Diferença entre Afib e Flutter

Afib vs Flutter

Na linguagem médica, afib é outro nome para a fibrilação atrial, enquanto flutter significa flutter atrial. Ambos os termos são tipos semelhantes de arritmia cardíaca, que dizem respeito a batimentos cardíacos anormais, exemplificados por ritmos irregulares e pulsos repentinos. Afib e flutter ocorrem quando a uma das regiões do coração, os átrios, bate em uma taxa aumentada.

Em um coração normal e saudável, os átrios devem se contrair quando os ventrículos mudar para o estado de repouso. A contração dos átrios canaliza o sangue para os ventrículos. No entanto, quando o coração tem uma condição afib ou flutter, os átrios não se contraem de forma coordenada e, como resultado, os ventrículos não são preenchidos com sangue até a capacidade máxima. Isso resulta em bombeamento ineficiente de sangue, levando a sintomas como fraqueza, tonturas, dor torácica e palpitações.

O pior cenário é a insuficiência cardíaca total sob a forma de um acidente vascular cerebral, que pode levar a incapacidade permanente ou a morte. A diferença entre afib e flutter tem a ver com a progressão. O flutter ocorre primeiro e envolve apenas arritmia menor e temporária. Após um certo período de tempo, o coração irá reverter a sua rotina de batimento normal ou desenvolver afib. O Afib pode ocorrer de forma intermitente, no entanto, em pior caso, ele impede o coração constantemente. Flutter pode progredir para afib se a pessoa afetada tem uma predisposição para, ou já desenvolveu doença pulmonar obstrutiva crônica, doença da artéria coronária, pressão arterial elevada ou distúrbio da válvula mitral.

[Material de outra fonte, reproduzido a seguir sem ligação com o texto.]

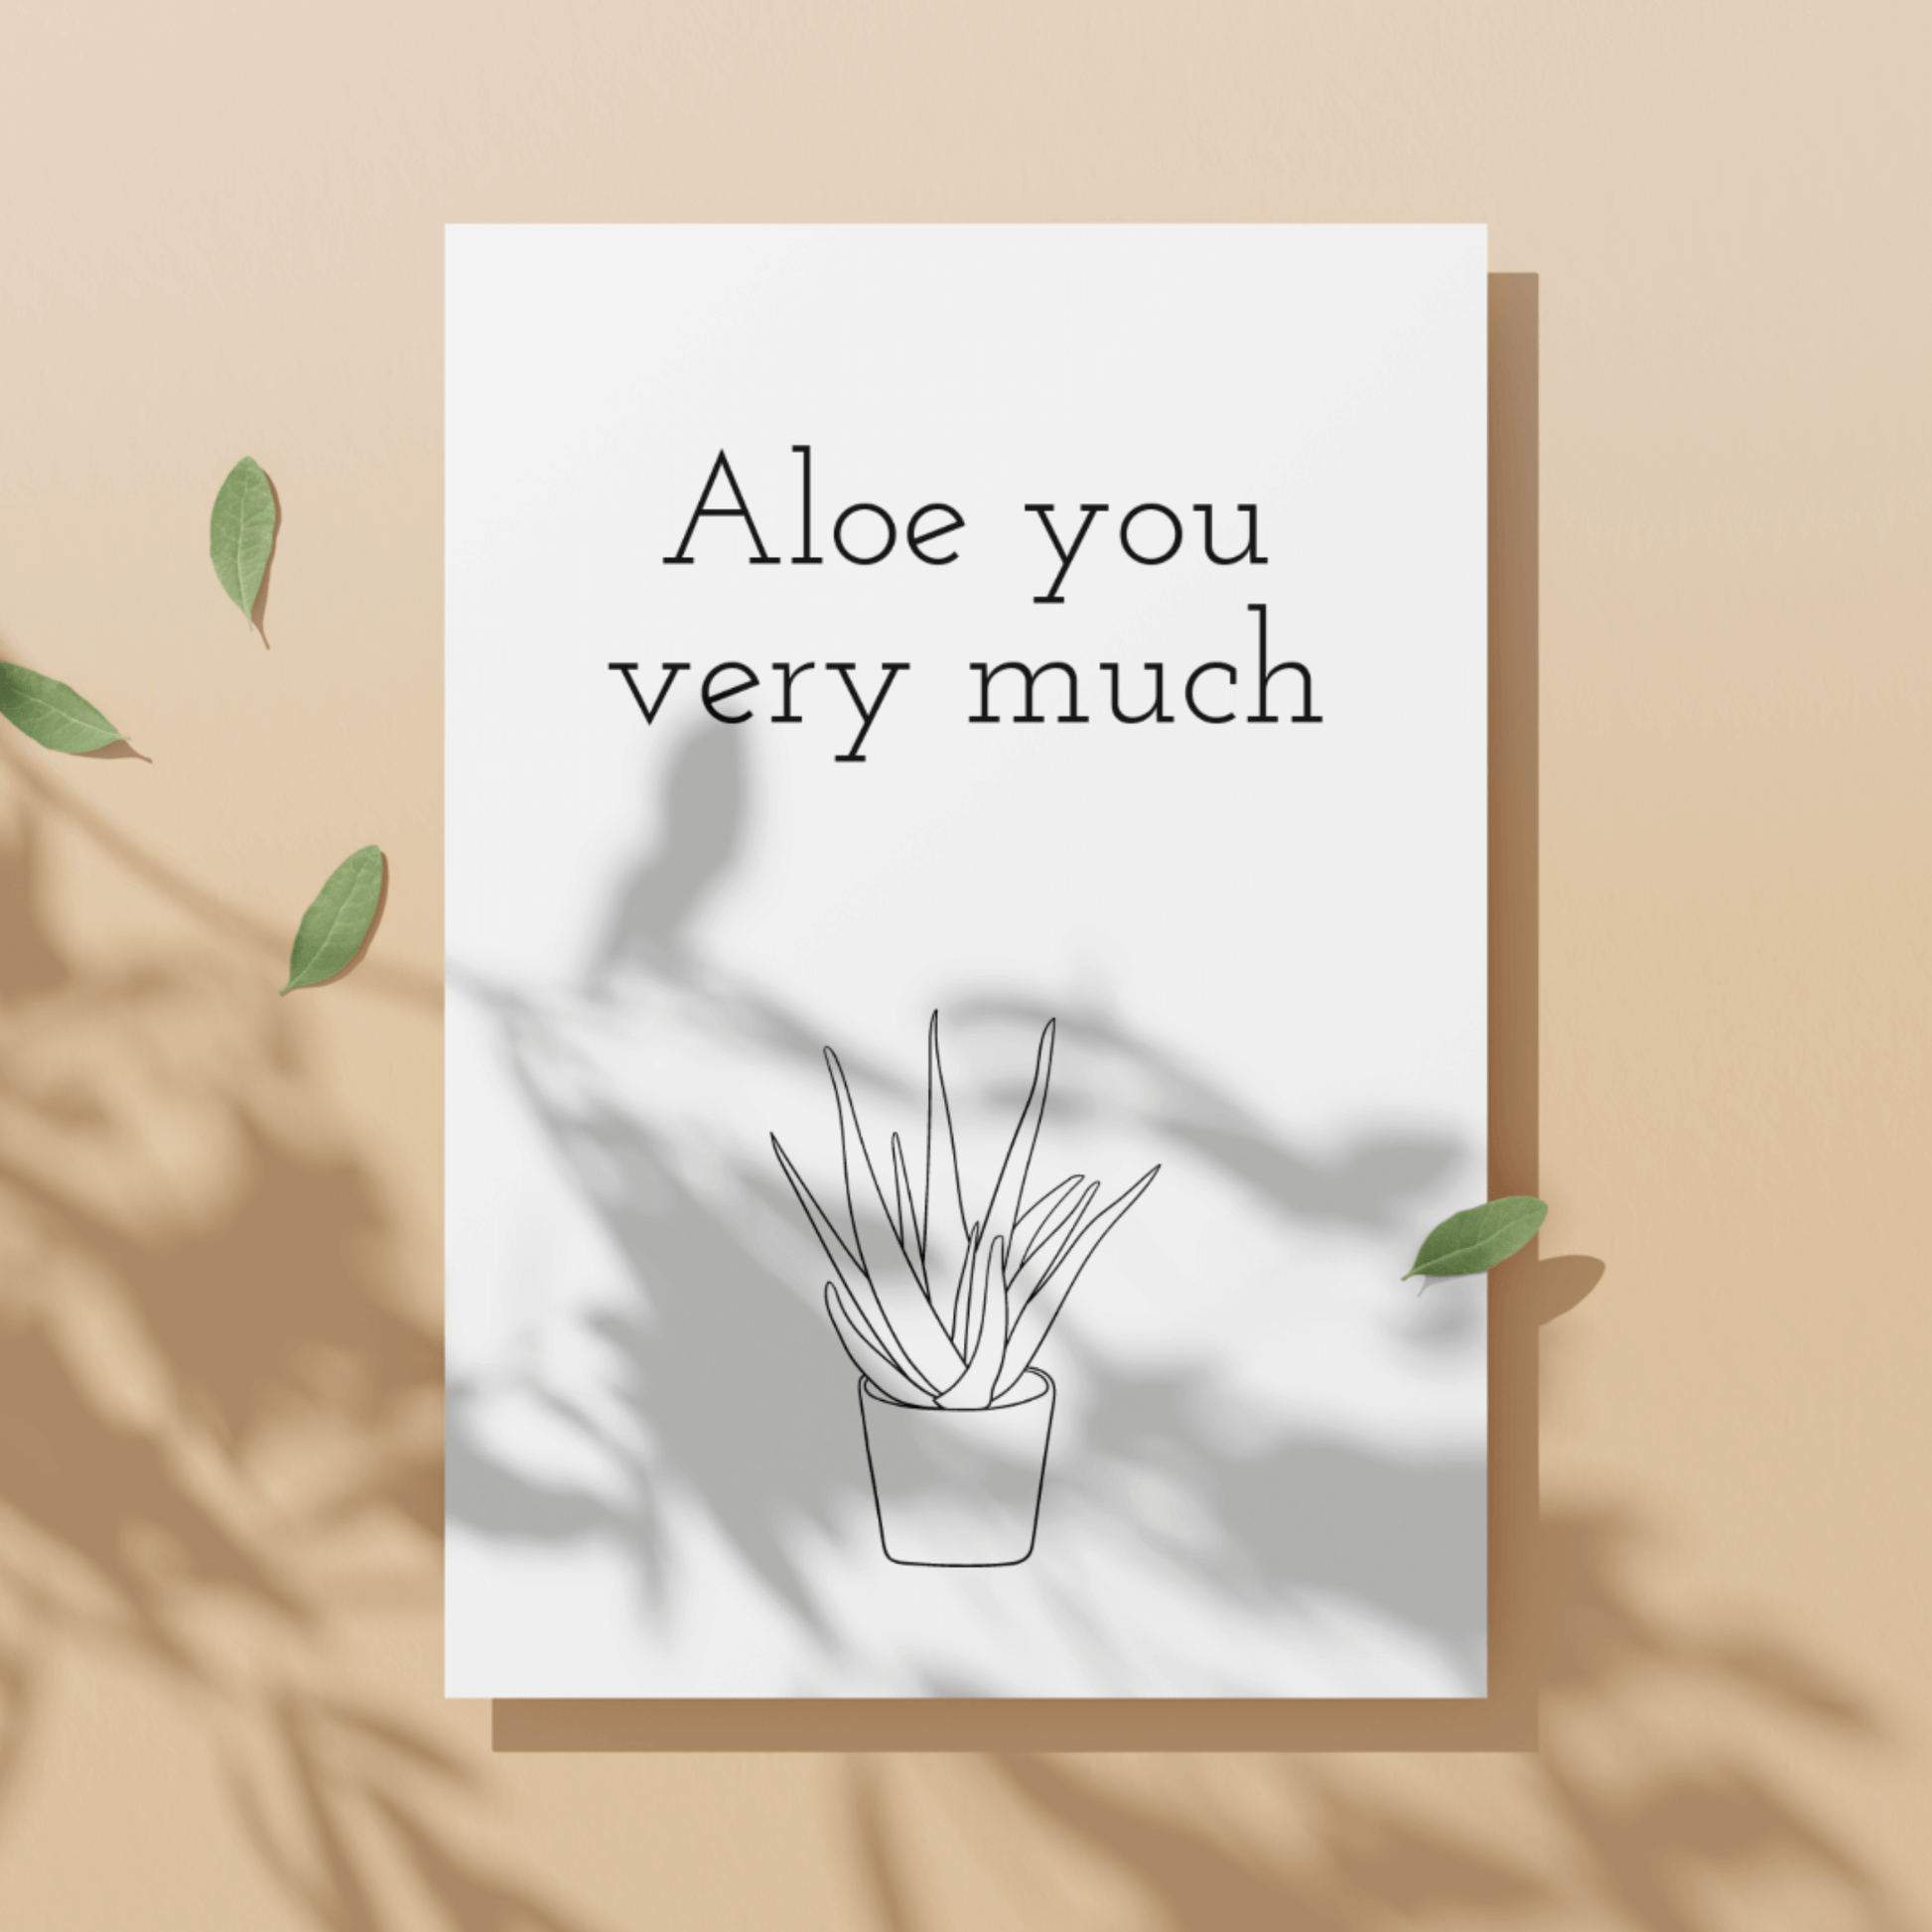 Little Kraken's Aloe You Very Much | Funny Love Anniversary Card | Funny Aloe Vera Love Card, Love Cards for £3.50 each

Afib faz com que o sangue deixa no átrio esquerdo para coagular, o que pode levar a mais complicações. Tais coágulos podem bloquear as artérias em qualquer parte do corpo, cortando o fluxo sanguíneo para uma área afetada. Os médicos determinam a gravidade do afib, verificando os sintomas da pessoa afetada, bem como medindo a taxa de batimento dos ventrículos. A taxa de batimento mais rápida geralmente coincide com sintomas mais graves e pode servir como prelúdio para um acidente vascular cerebral ou insuficiência cardíaca total. Flutter e afib podem ser detectados simplesmente verificando a freqüência cardíaca de uma pessoa.

Se um médico suspeita de flutter, ele ou ela geralmente sujeita a pessoa afetada ao ECG, ou eletrocardiografia para confirmar a arritmia. Para determinar se os coágulos se formaram ou não no átrio esquerdo, o médico também pode optar por realizar ultra-sonografia no paciente. Durante situações de emergência em que a pessoa afetada sofreu choque, perda de ar ou dor torácica, o médico pode recorrer a um desfibrilador cardioversor, que aplica eletricidade para forçar o coração a reverter suas batidas normais.

Drogas como propanolol, diltiazem, verapamil e digoxina podem ser administradas ao paciente para diminuir os batimentos cardíacos.Tome nota, no entanto, que, mesmo que estes medicamentos reduzam o flutter ou o afib, podem não ser suficientes para restaurar completamente os batimentos cardíacos normais. Se esses medicamentos se revelarem inadequados, medicamentos adicionais como dofetilida, procainamida e ibutilida podem ser injetados para restaurar os batimentos cardíacos normais instantaneamente. Se qualquer droga ou choque elétrico se revelar ineficaz, o último recurso seria cortar o vínculo entre os ventrículos e os átrios, e reconectá-lo através de um pacemaker artificial. Após o tratamento, o paciente deve ser mantido sob observação por meses, a fim de garantir que flutter ou afib não se repitam.

Resumo:

1. Flutter e afib ocorrem como tipos semelhantes de arritmia cardíaca que começam quando os átrios se contraem irregularmente, levando a insuficiência sanguínea aos ventrículos e a um bombolamento ineficiente de sangue em todo o corpo.

2. O flutter precede o afib. Flutter pode cessar após algum tempo, ou pode se desenvolver em afib, em que a arritmia ocorre mais regularmente.

3. Flutter e afib são comuns em pessoas que estão predispostas a, ou já têm doença pulmonar obstrutiva crônica, doença arterial coronária, hipertensão ou distúrbios valvulares mitrais.

4. Choque elétrico e drogas podem curar flutter e afib. O tratamento mais difícil seria substituir a conexão entre ários e ventrículos com um pacemaker artificial.